段々声が大きくなっていく「小声彦」の変化に注目が集まりました。

 大きな声が出るまで「3年かかりました」と言うと「えー」という声もでました。
いよいよ大きな声になって、神様から大声主の名前をもらい、声の小さな子供達に「オーイ・オーイ」と声をかけて元気にするところでは、施設全体に響き渡る声に、一緒にきていた職員の方も外の様子を見に行きました。
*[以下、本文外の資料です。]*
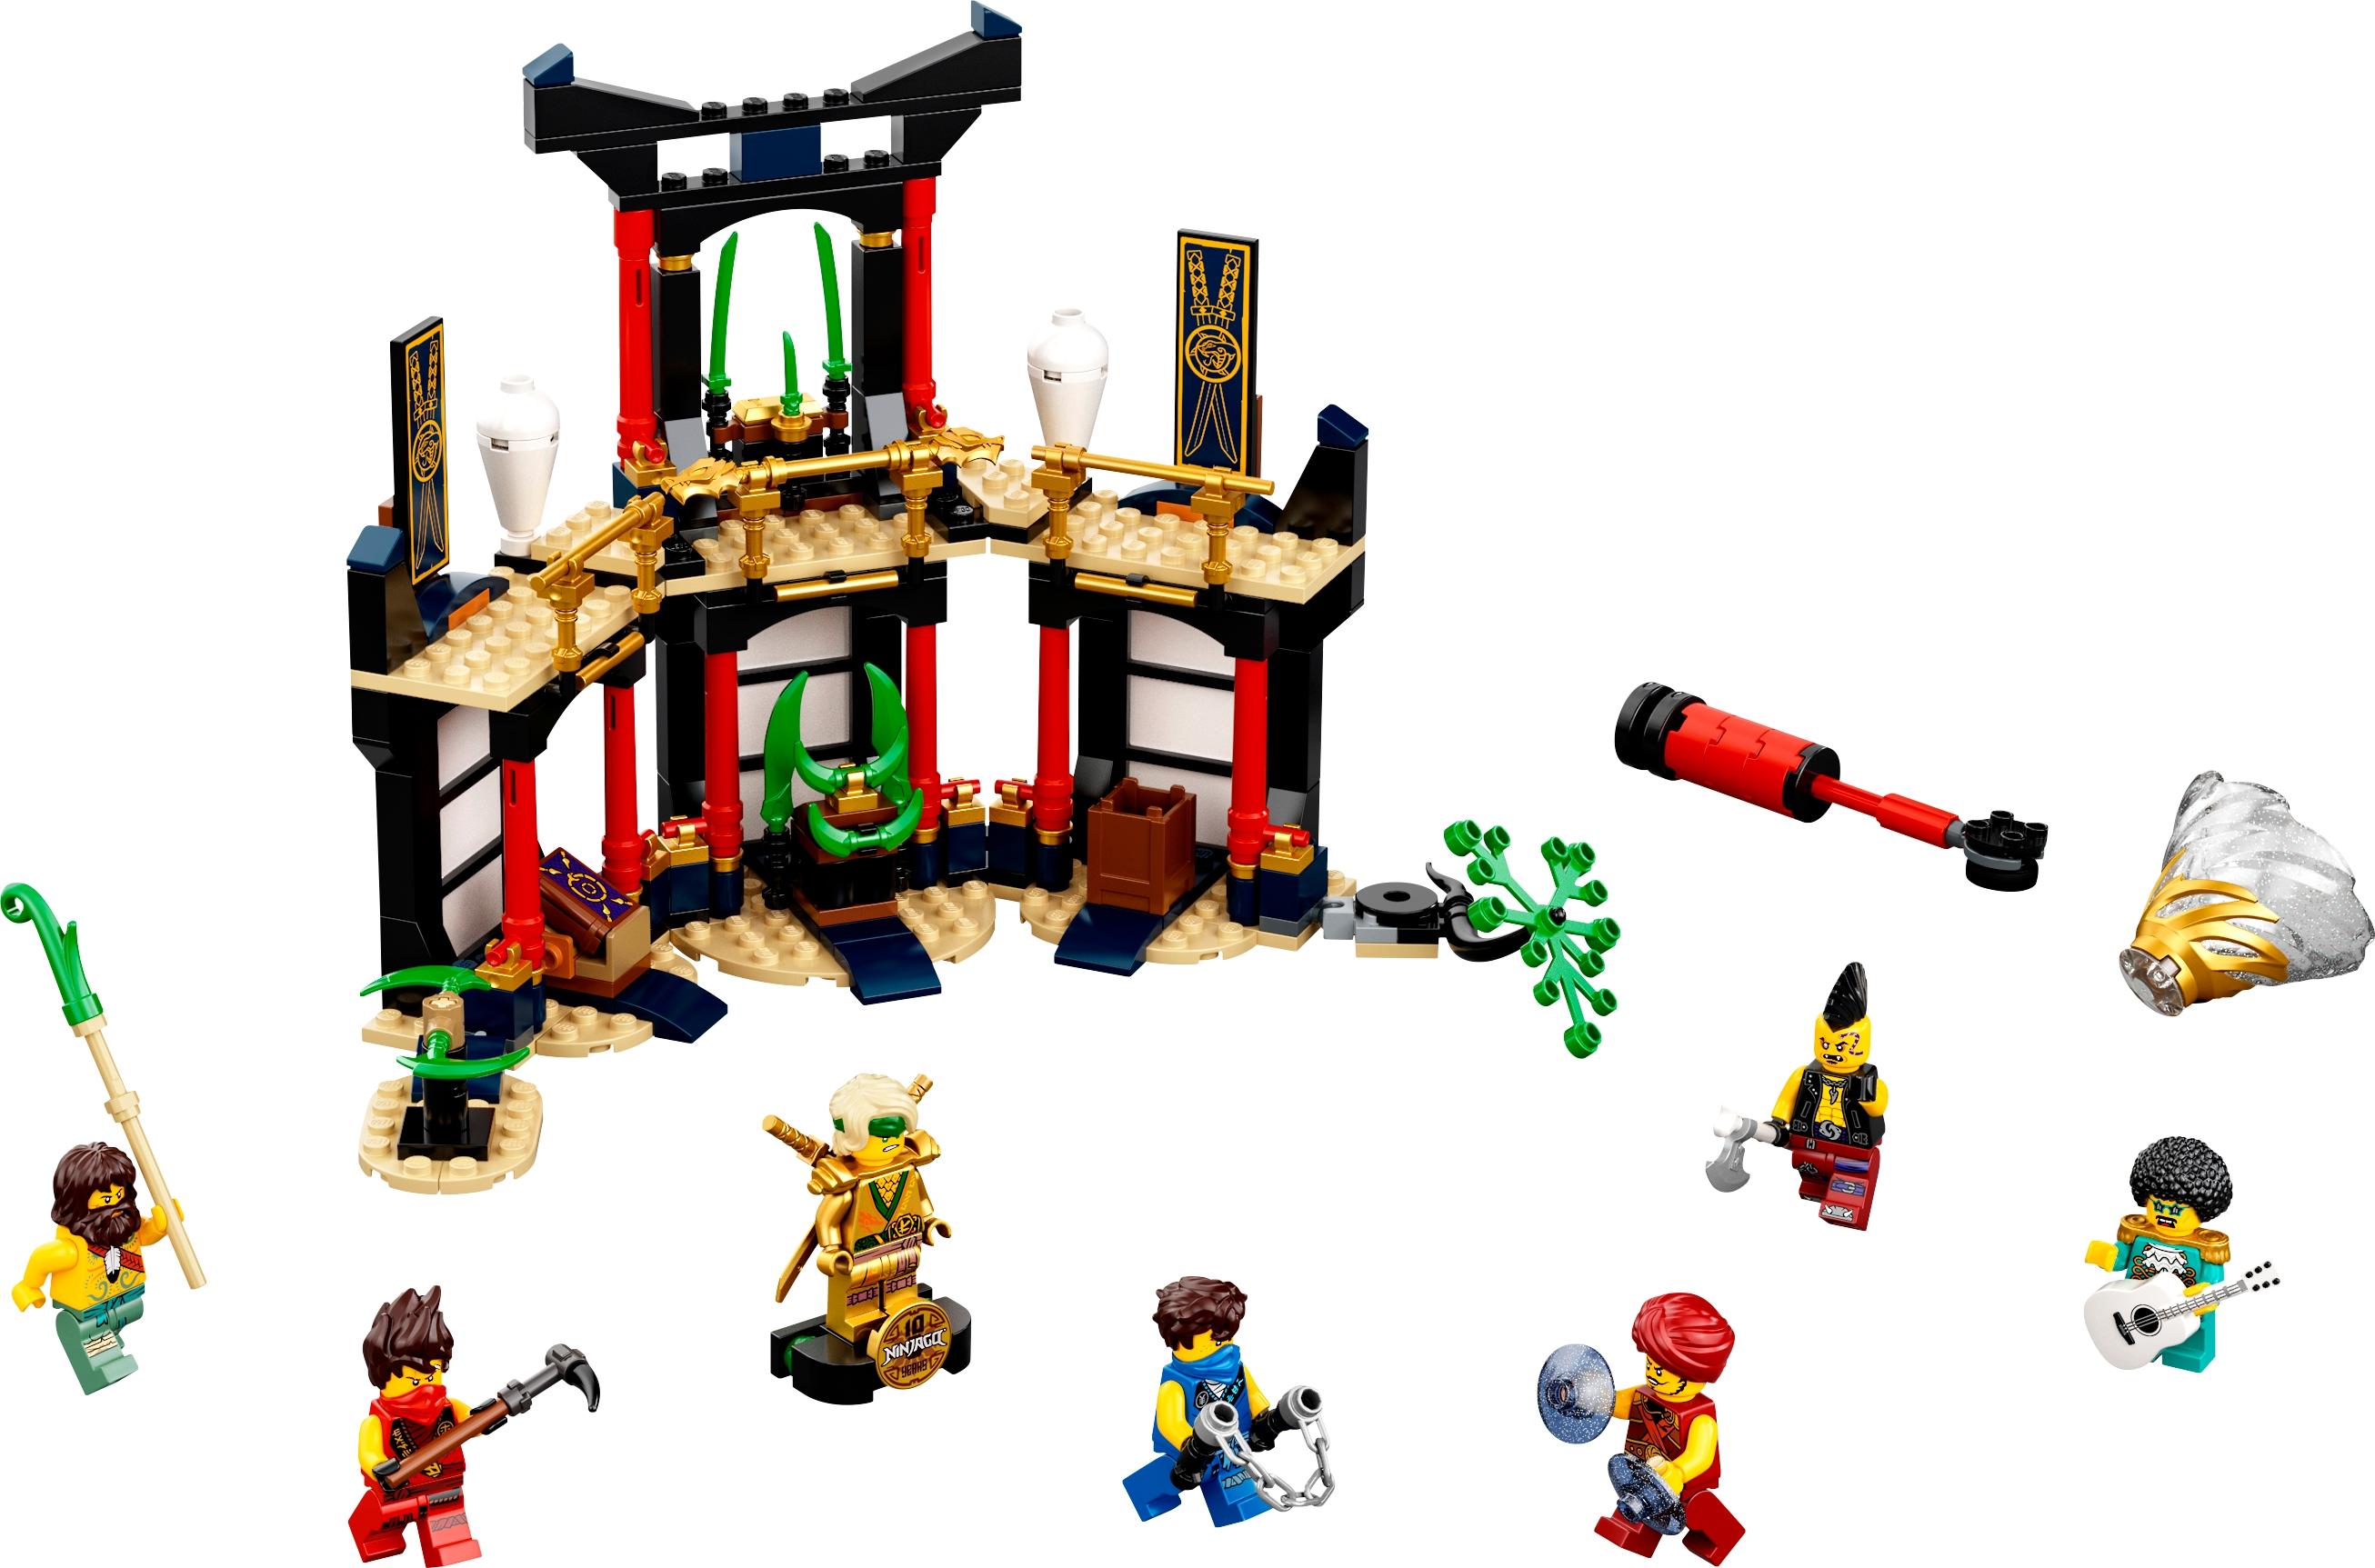 Tournament of Elements
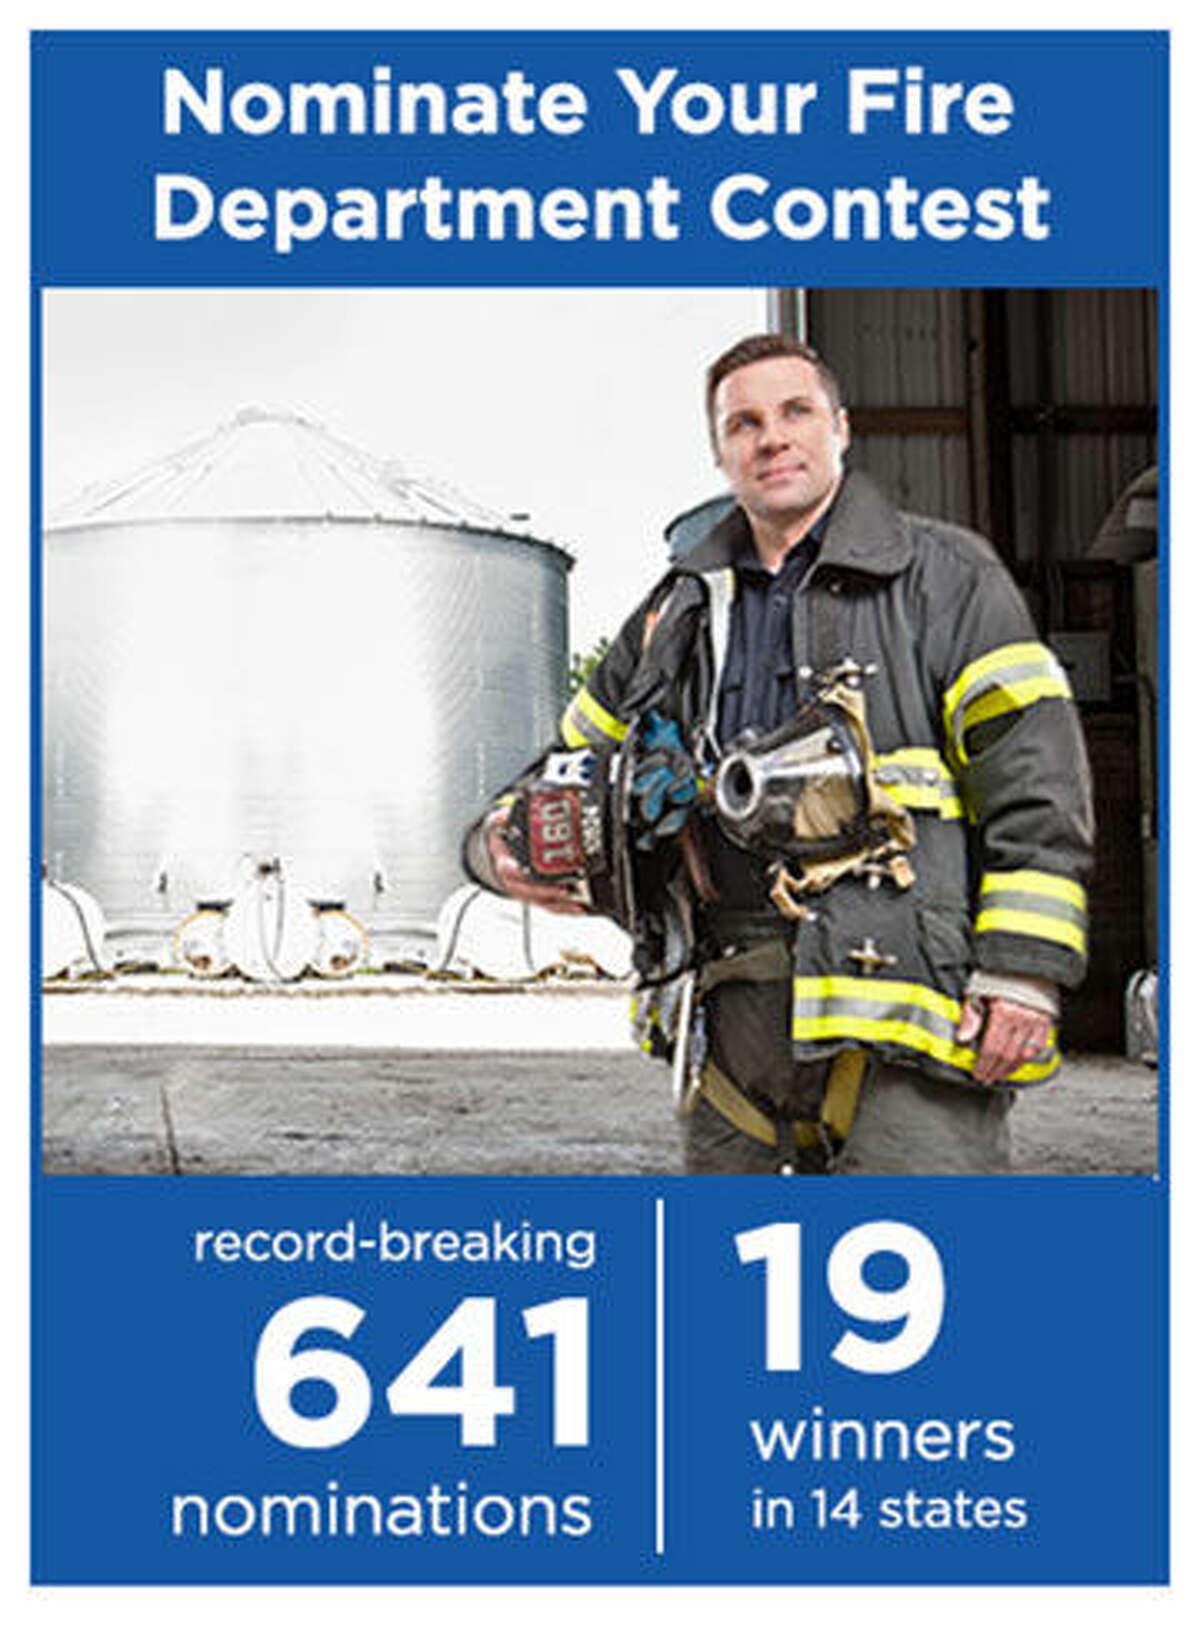 Grain Bin Safety Week Awards First Responders

  声がうまく出せないYさんやSさんも元気に参加して下さいました。「おくのほそ道」の朗読では、「Yさんお願いします」「Sさんお願いします」というとすっと立って一生懸命です。特にSさんは、始めて施設であった時部屋の隅で嬌声を上げながら本を一生懸命やぶり、なかなか発声に参加出来ませんでした。それが今日は、素直に椅子に座り、名前を呼ぶと立って下さいました。
 顔を赤らめながら一生懸命でした。
 5回から6回の研修でほとんどの施設の雰囲気が明確に変化してきました。
 この変化を施設職員のみなさんにしっかりと受け止めて頂き訓練を進めて頂ければ幸いです。
 実修正の参加もありましたが「かごめかごめ」の歌もリズミカルに唄ってくれます。
 あやめの皆さんは元気溌溂でした。